>>>

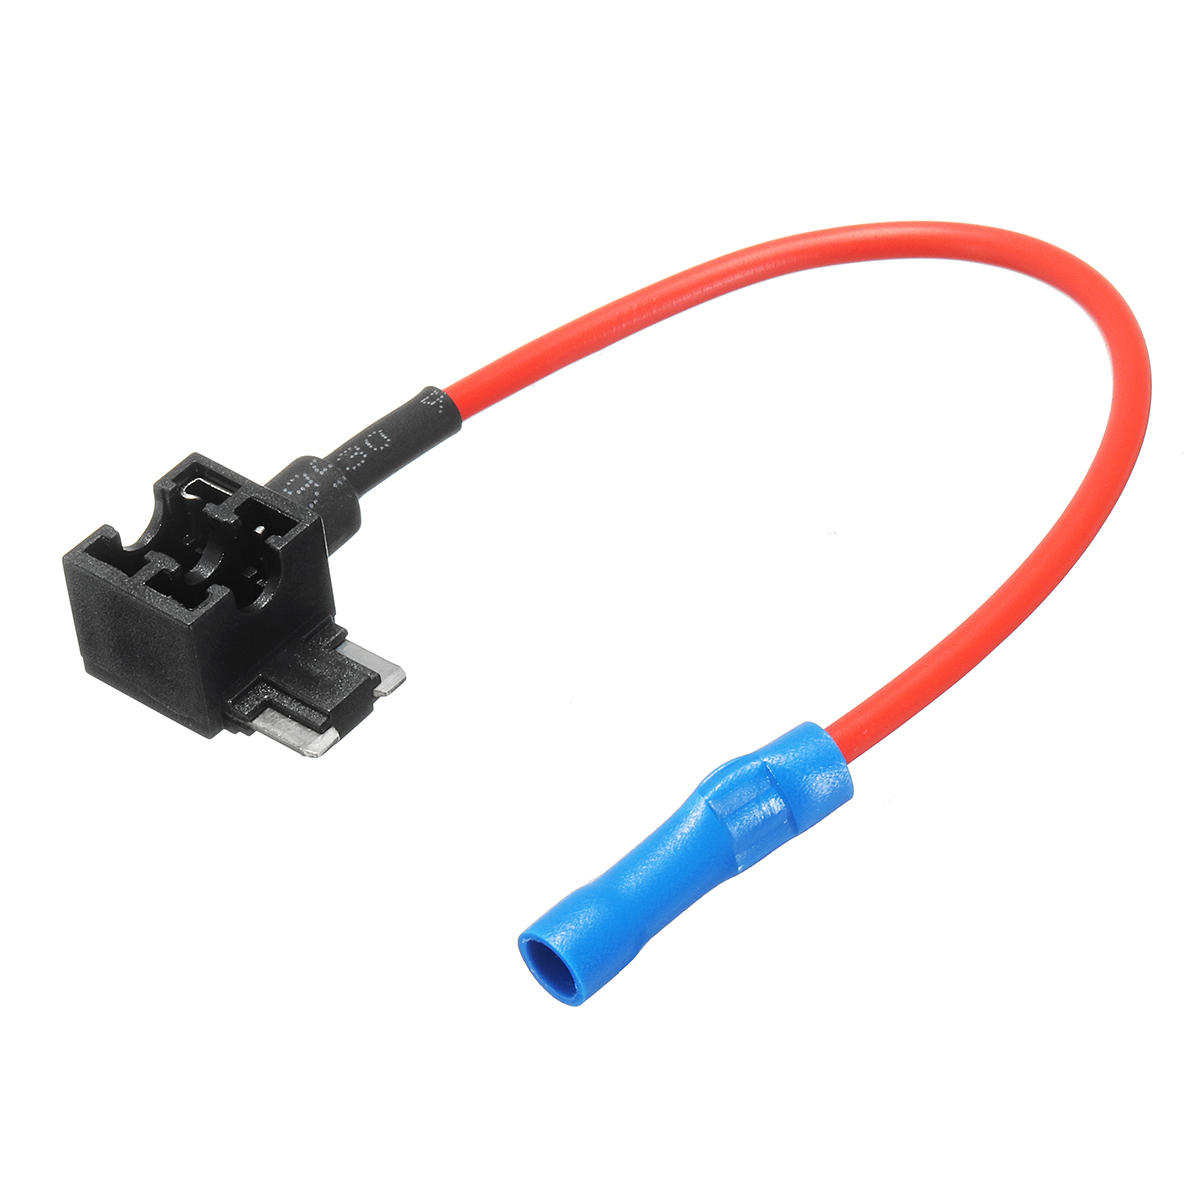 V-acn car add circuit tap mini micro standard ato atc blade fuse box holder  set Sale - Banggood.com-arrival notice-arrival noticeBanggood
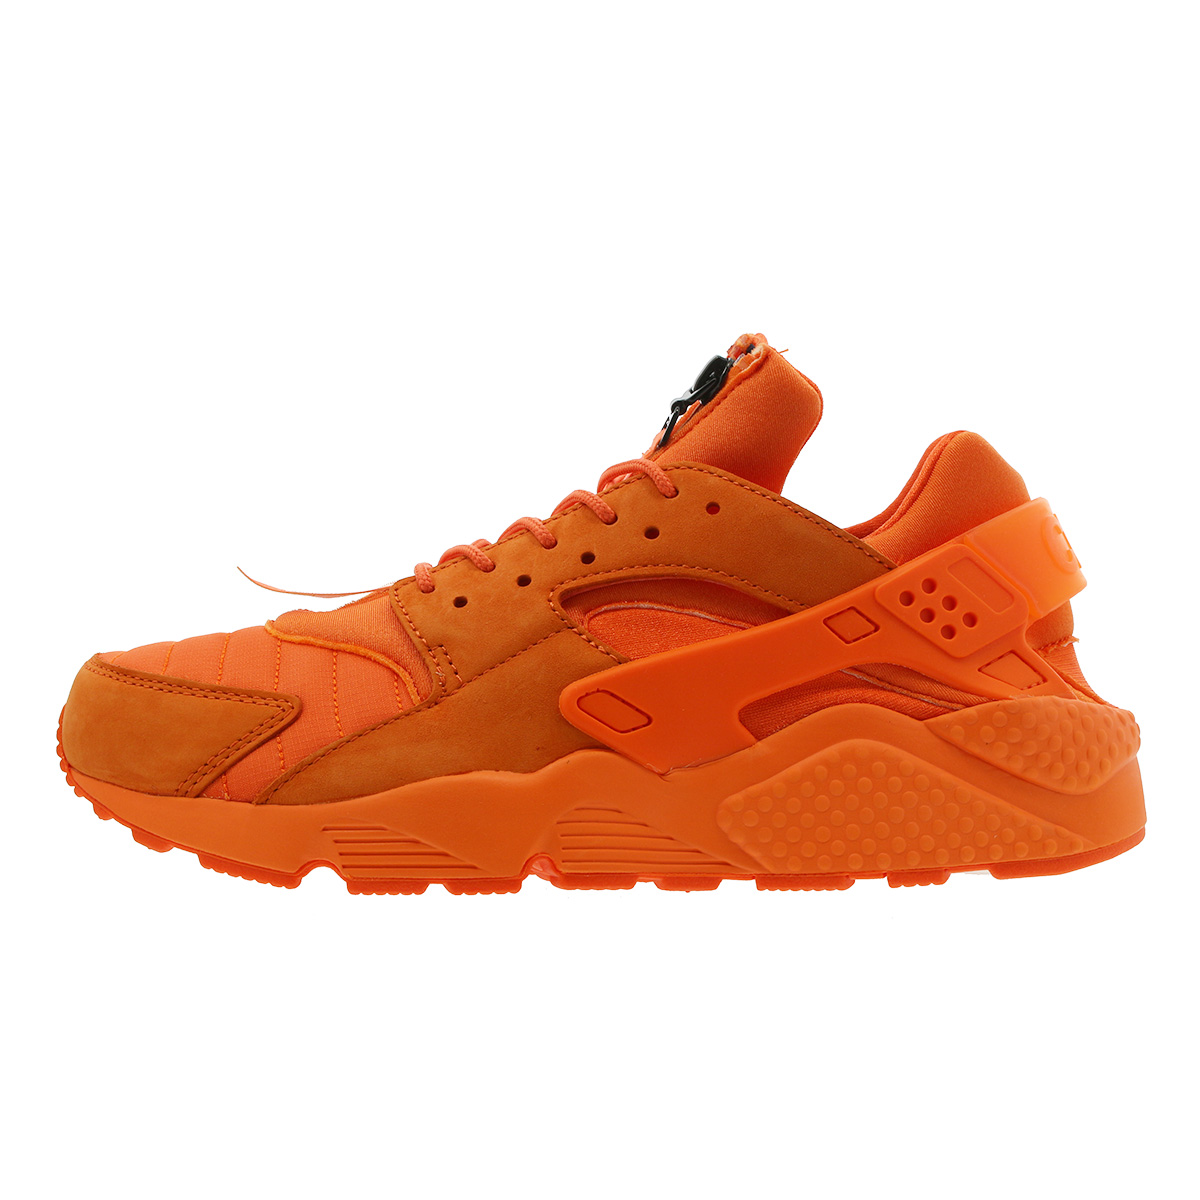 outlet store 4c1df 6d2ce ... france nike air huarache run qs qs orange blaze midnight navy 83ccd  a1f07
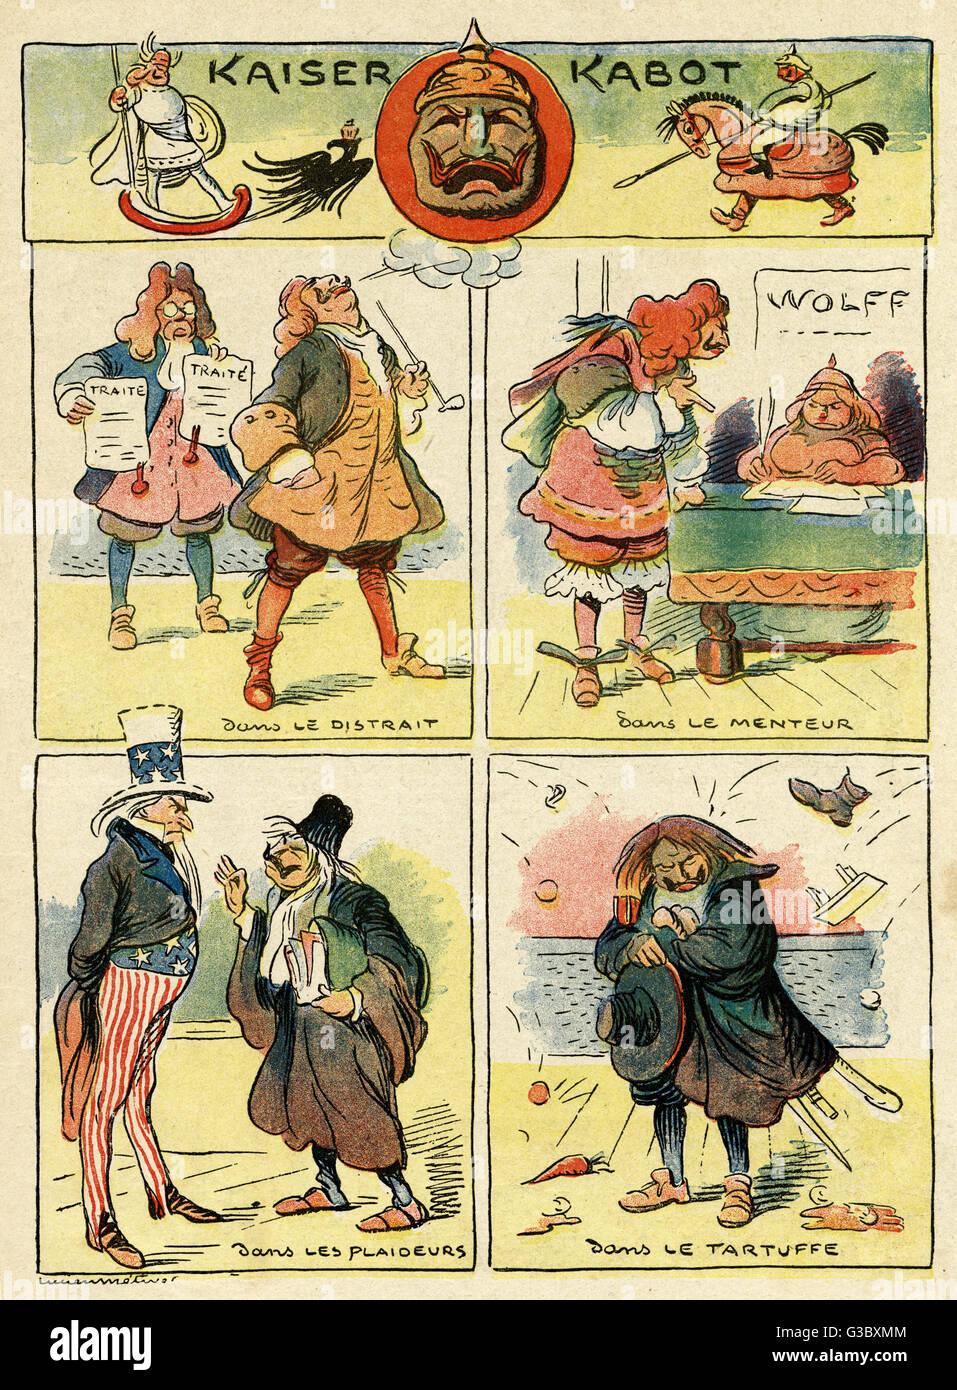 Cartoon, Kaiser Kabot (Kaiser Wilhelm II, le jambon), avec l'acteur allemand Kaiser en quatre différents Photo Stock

<<<
>>>

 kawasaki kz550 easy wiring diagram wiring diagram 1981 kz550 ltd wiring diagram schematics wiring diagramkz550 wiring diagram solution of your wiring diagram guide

<<<
>>>

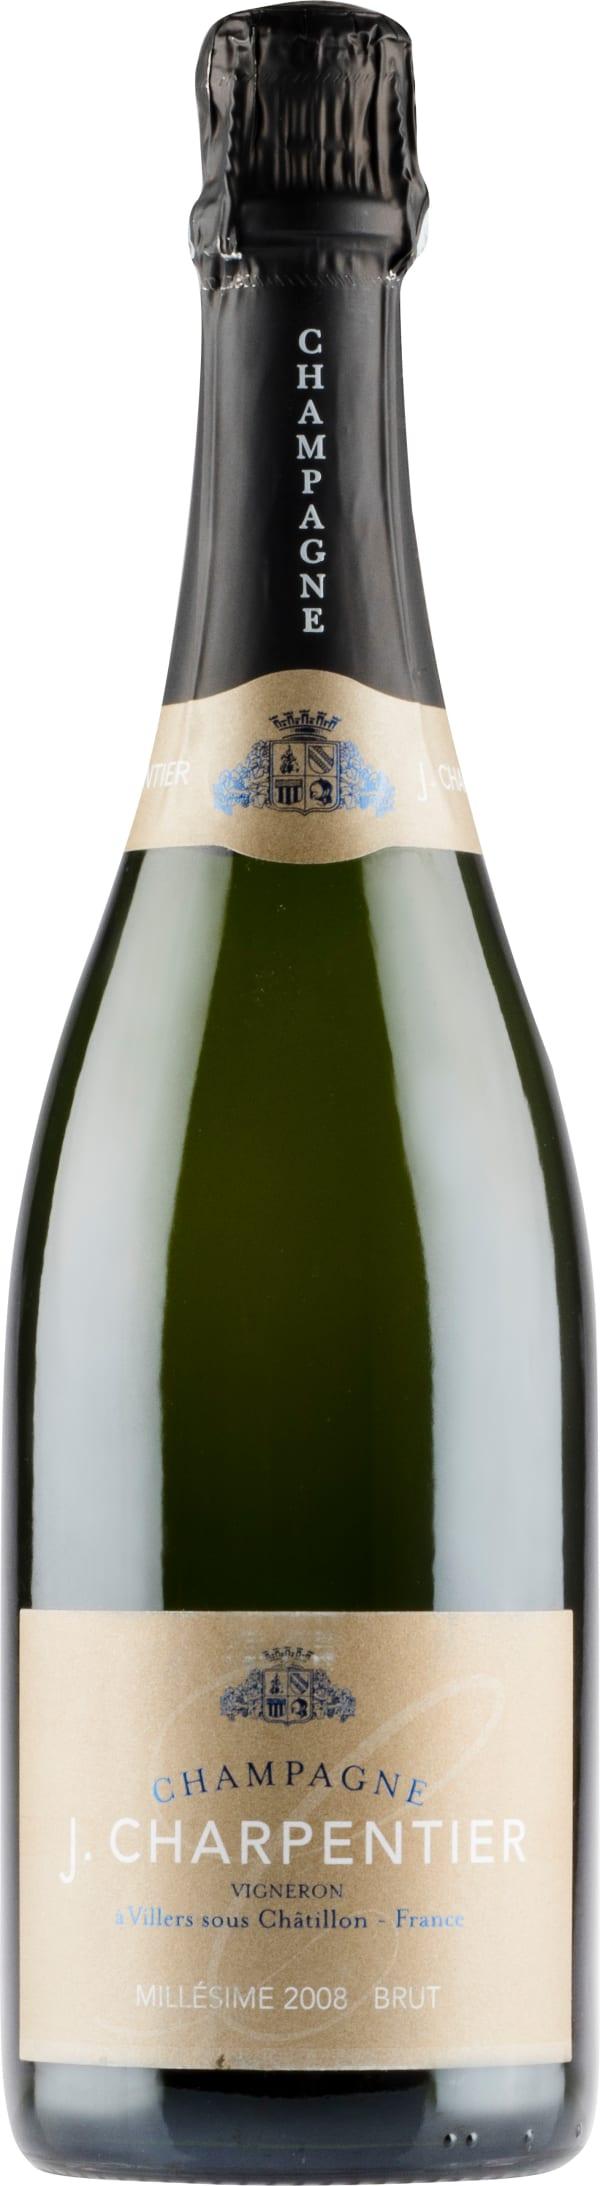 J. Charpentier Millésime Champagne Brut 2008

<<<

Exercise brief:
Although pictures appear among the entries, please set down only the lines from the one with "outlet store 4c1df" up to and including the one with "Cartoon, Kaiser Kabot", word for word.

Expected answer:
 outlet store 4c1df 6d2ce ... france nike air huarache run qs qs orange blaze midnight navy 83ccd  a1f07
 Cartoon, Kaiser Kabot (Kaiser Wilhelm II, le jambon), avec l'acteur allemand Kaiser en quatre différents Photo Stock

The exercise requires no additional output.